Ia mengajak peserta untuk mengikuti kegiatan secara tuntas dan menyimak materi dengan baik.
“Terimakasih untuk Bapak Umbu yang sudah membantu kita memahami hal itu. Ini sangat bermanfaat sekali. Kami berharap peserta bisa mengikuti kegiatan ini dari awal sampai akhir,” katanya.
Cegah TPPO Tugas Bersama
Mantan jurnalis Harian Kompas, Frans Sarong, turut hadir sebagai pemantik diskusi. Ia menilai TPPO merupakan persoalan yang sangat dekat dengan NTT.
“Akar masalahnya karena kemiskinan. Banyak tenaga kerja yang ilegal. Kasus sering kita dengar puluhan bahkan ratusan peti mati pulang ke daerah kita,” tukasnya.
Sementara itu, akademisi sekaligus Dekan Fakultas Hukum Universitas Muhammadiyah Kupang, Dr. Siti, memaparkan data yang memprihatinkan. Ia menyebut sejak 2012 hingga 2024 tercatat sekitar 1.600 kasus perdagangan orang di NTT.
“Sementara pada 2024–2025 saja terdapat 533 kasus, dengan 518 di antaranya merupakan PMI ilegal atau nonprosedural,” ujarnya.

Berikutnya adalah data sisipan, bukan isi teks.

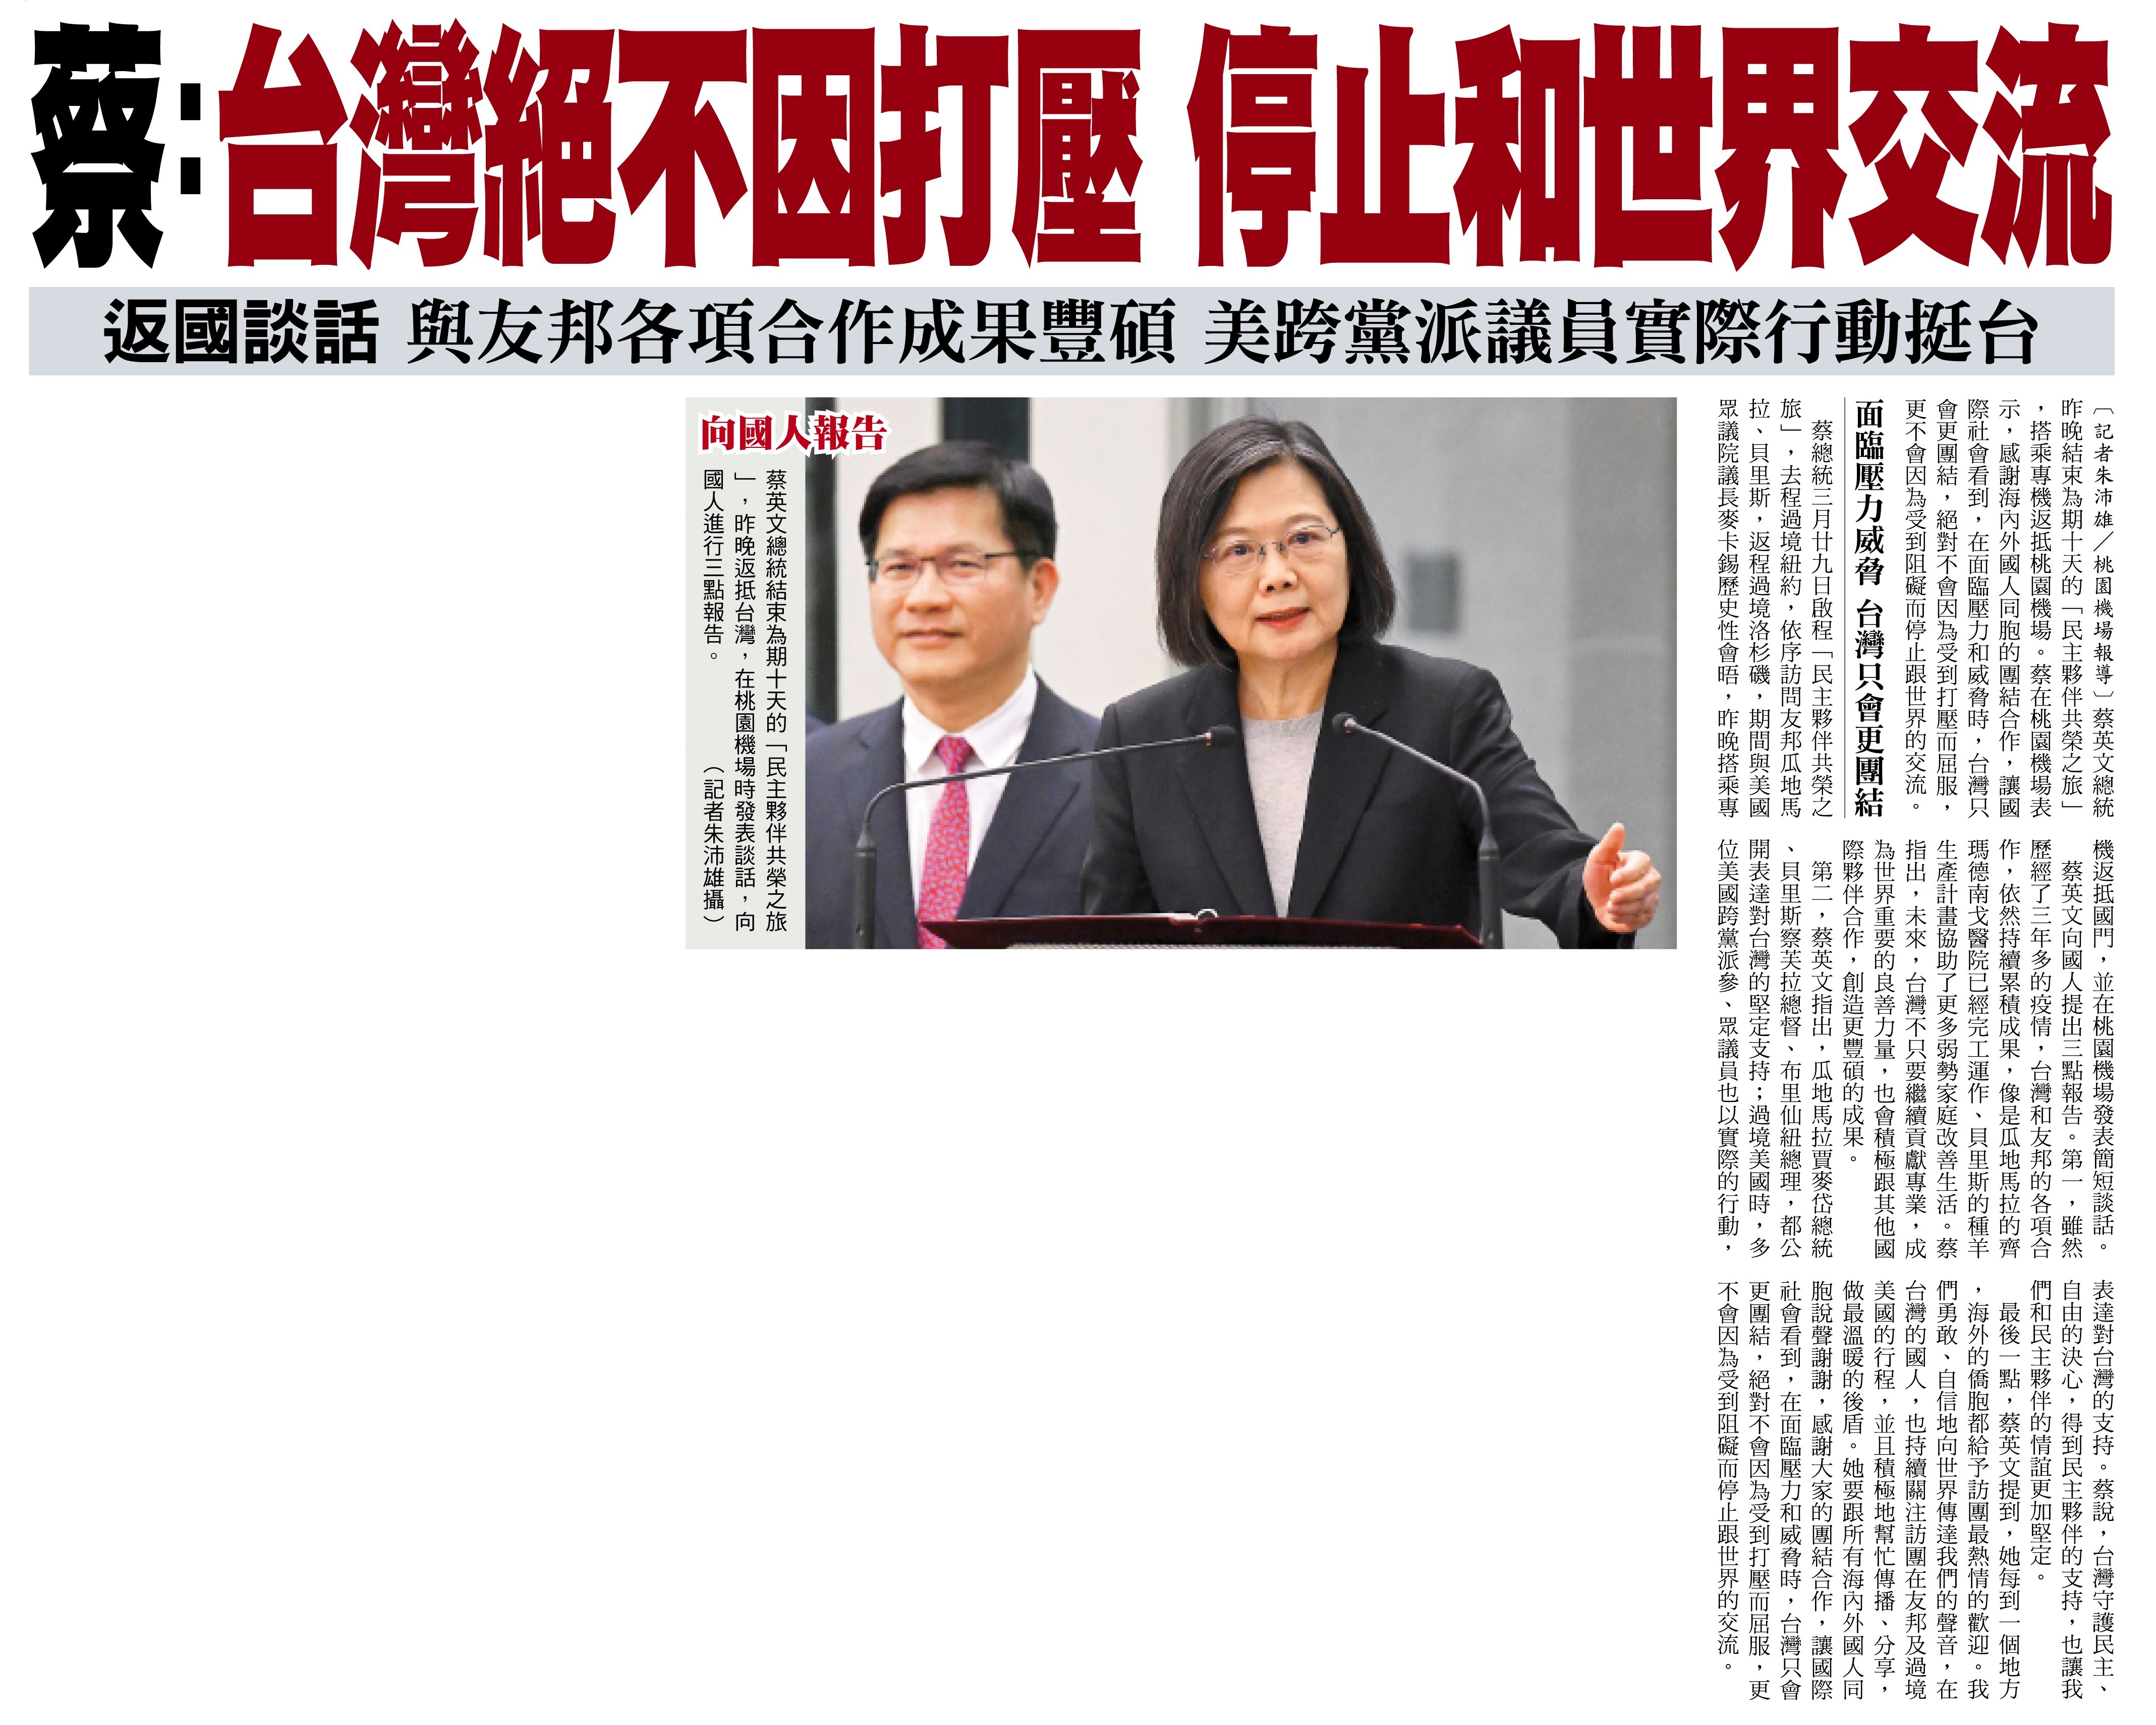 Returning to Taiwan, Tsai says Taiwan will not yield to pressure nor stop engaging with the world, cooperation with allies achieving results, US Congress members taking action to support Taiwan

Menurut dia, TPPO berkaitan dengan tiga unsur utama, yakni proses perekrutan, cara yang melibatkan ancaman, penipuan atau iming-iming gaji tinggi, serta tujuan akhir berupa eksploitasi.
“Yang terakhir adalah tujuan, pada akhirnya adalah eksploitasi,” katanya.
Ia menekankan pentingnya partisipasi masyarakat dalam pencegahan TPPO, termasuk melalui pembentukan satuan tugas di desa yang melibatkan anak muda untuk melaporkan dugaan kasus.
“Tidak hanya pemerintah. Pemerintah hanya bisa mendukung sedangkan partisipasi sepenuhnya ada di masyarakat,” jelasnya.
Umbu Kabuang Rudi menjelaskan pemerintah selama ini telah bekerja secara terukur untuk mengentaskan masalah TPPO melalui berbagai program.
“Saya di Komisi 13 sangat banyak program pemerintahan. Memang masih ada pelanggaran HAM tapi kita ke depan berusaha untuk menekan itu,” aku Rudi.
Ia menambahkan, pemanfaatan kearifan lokal di desa merupakan langkah yang perlu diambil dalam upaya pencegahan.
“Ke depan di desa kita akan menggerakkan kearifan lokal. Nilai budaya yang bisa melakukan pengendalian. Peran serta masyarakat juga sangat penting,” katanya.
Menurut dia, Kementerian HAM juga telah membentuk Pos Bantuan Hukum (Posbakum) di NTT baru-baru ini sebagai salah satu upaya pencegahan.
“Ini merupakan langkah yang baik. Memang mau menekan menjadi zero TPPO agak sulit, tapi kita berusaha bekerja semaksimal mungkin,” pungkasnya.